I eat as fast as I can at an empty table in the very back and leave the noisy room, going to my next classroom early, so I don’t have to encounter anyone.
My next class passes nearly identically to my first class. Me sitting by myself, and Matt glaring at me whenever he catches me looking his way. The bell rings and I rush out of the room and hurry over to the locker. I don’t think I can take anymore of Matt’s glaring. It’s breaking me. I can handle everyone else in the world hating me, as long as I have Matt. But without him, I can’t deal with it. Maybe I’m a wimp. Maybe I am just an over-emotional queer. But I need Matt to be able to deal with everything else. I heave a sigh and begin my walk home.
I don’t think I have ever felt this lonely. I’m sitting in my room, on my bed, with the door closed and just my nightlight on. Yeah. My nightlight. My Minnie Mouse nightlight, to be exact. Matt got it for me as a joke for my last birthday. I’ve been staring at the phone for the past hour or so. Hoping it’ll ring and Matt will be on the other end, telling me everything’s going to be okay.
But I know he won’t. And now I’m going to do something I’ve never done before. I’m going to call him. In the 7 or 8 years we’ve been friends, I have never called him. I dial the first 6 numbers without a problem. But that last number... I can’t press the button. I just.. I can’t. Okay Jere. You can do it... Just press.. The.. Button... I squinch my eyes closed as tight as I can and bite my lip, bringing the ringing phone to my ear after pressing the dreaded number. I can feel my heart beating frantically in my chest, and it feels like a bowl of maggots has just been released into my stomach.
I inhale sharply at the sound of Matts voice. God how I’ve missed it. “Hey..” I say slowly, releasing my lower lip.

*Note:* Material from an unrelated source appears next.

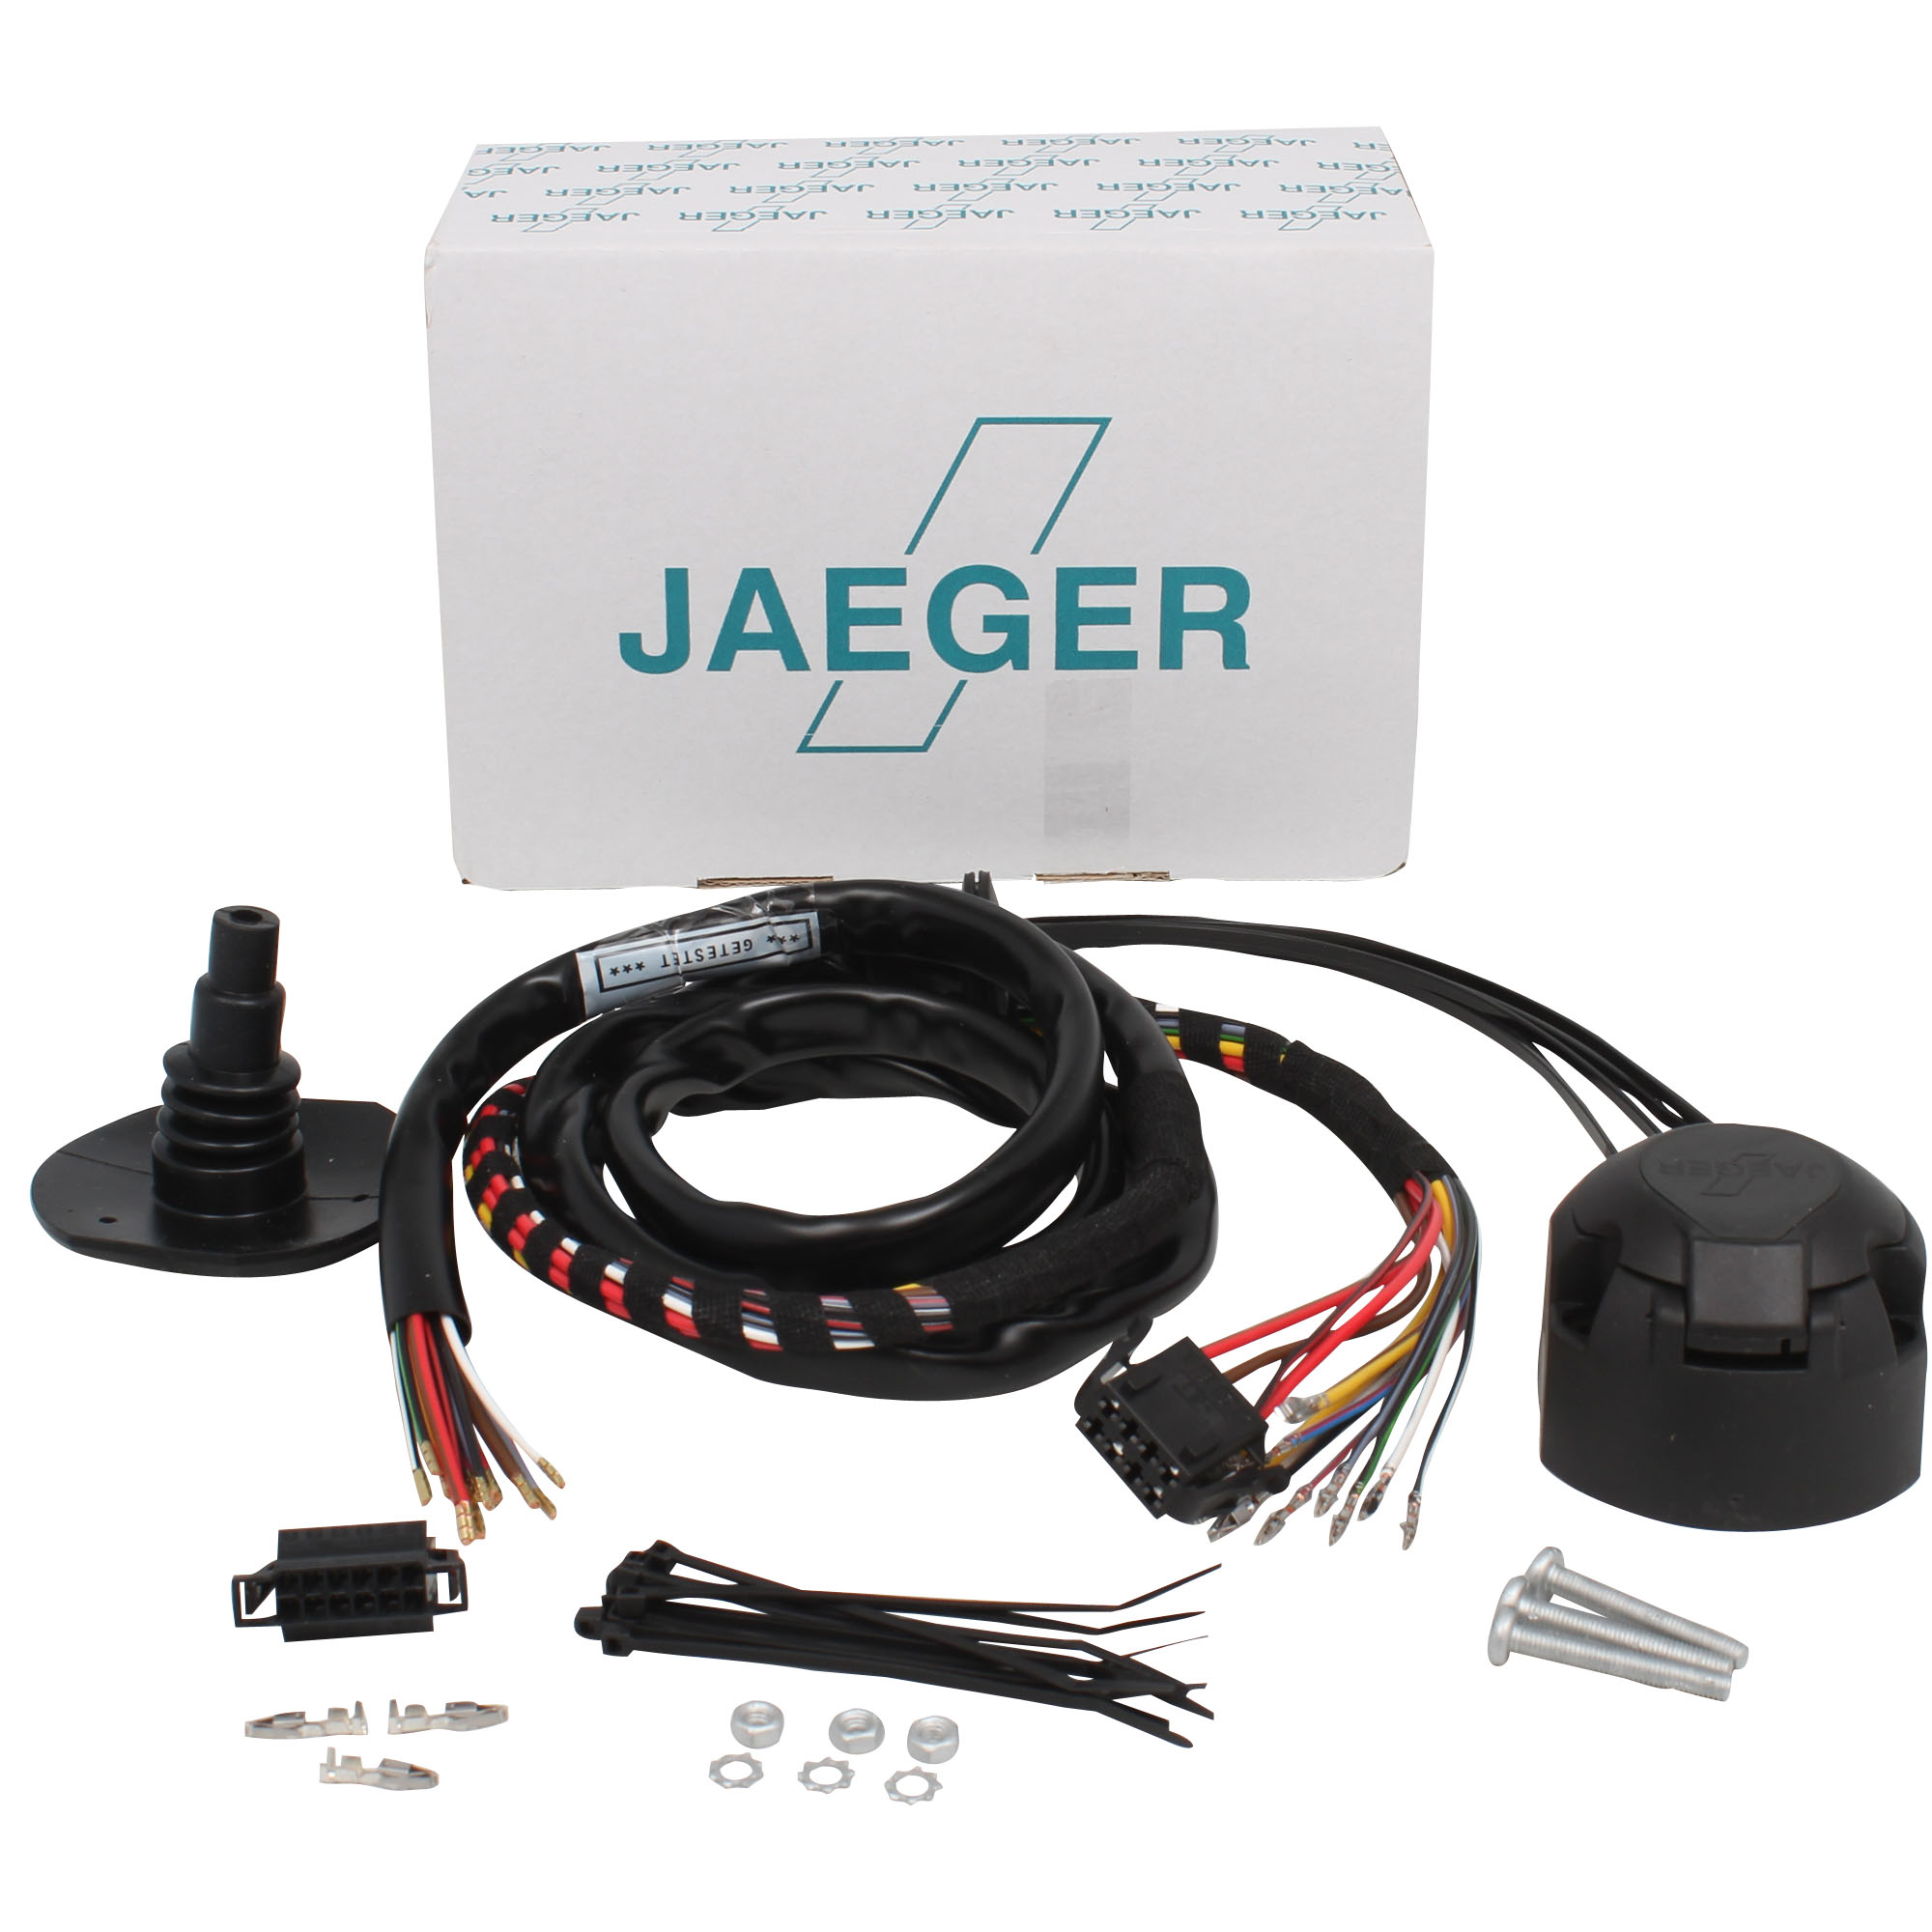 Specifieke kabelset Jaeger inclusief module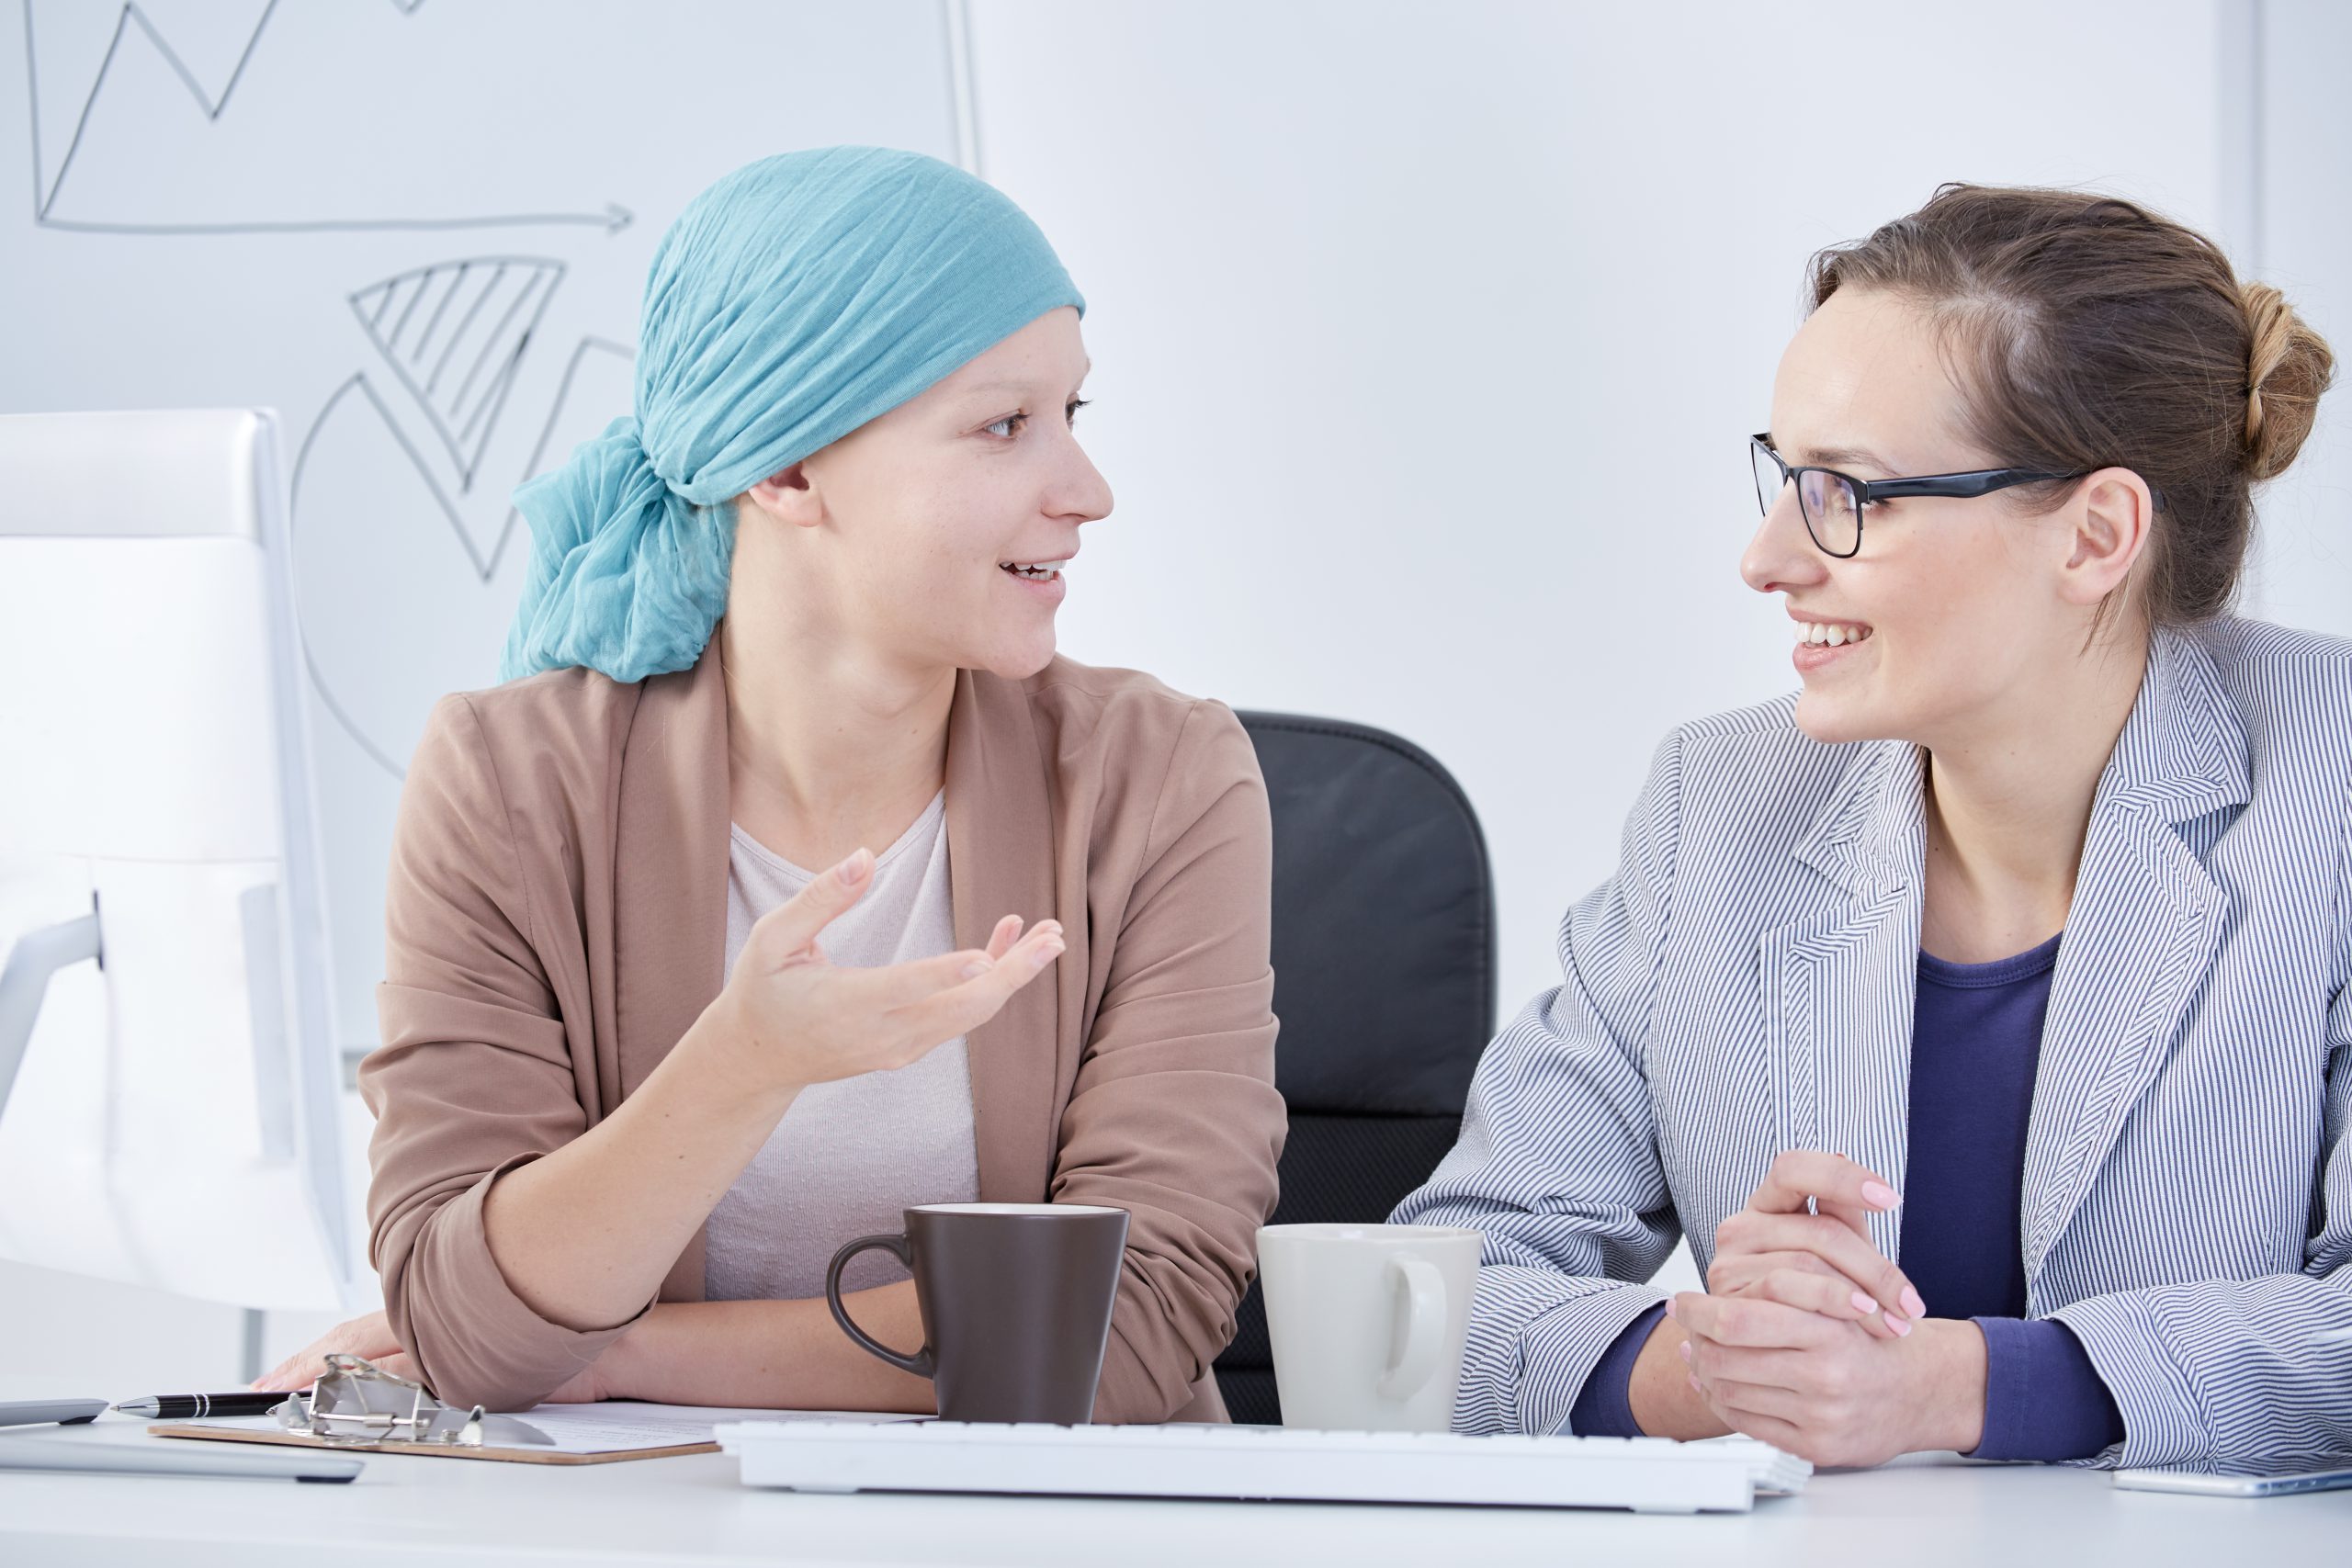 Comunicar un diagnóstico de cáncer en el trabajo

“...Hi...” Matt says in monotone. Shit, I didn’t think talking to him could hurt this much...
“So” I laugh nervously “I finally called you...”
“Whatever. What do you want Jeremiah?”
Jeremiah? Fuck, he hasn’t called me that since... I can’t even really remember the last time.. Sometime freshman year when I made him really mad, I guess..
“I just wanted to talk to you” I say quietly, swallowing hard to avoid crying. God, I can be a real girl sometimes..
“Yeah. Well did it ever occur to you that maybe I don’t want to talk to you?”
“Yes.. I was just hoping that I wasn’t right.”
“Apparently you were. I don’t want to talk to you Jeremiah. Not now, not ever. Stick with your old habits and don’t call me.”
I bite my lip, listening to the dial tone in my ear. He hung up. I hang up the phone and curl up into a ball on my bed, letting my tears soothe me to sleep.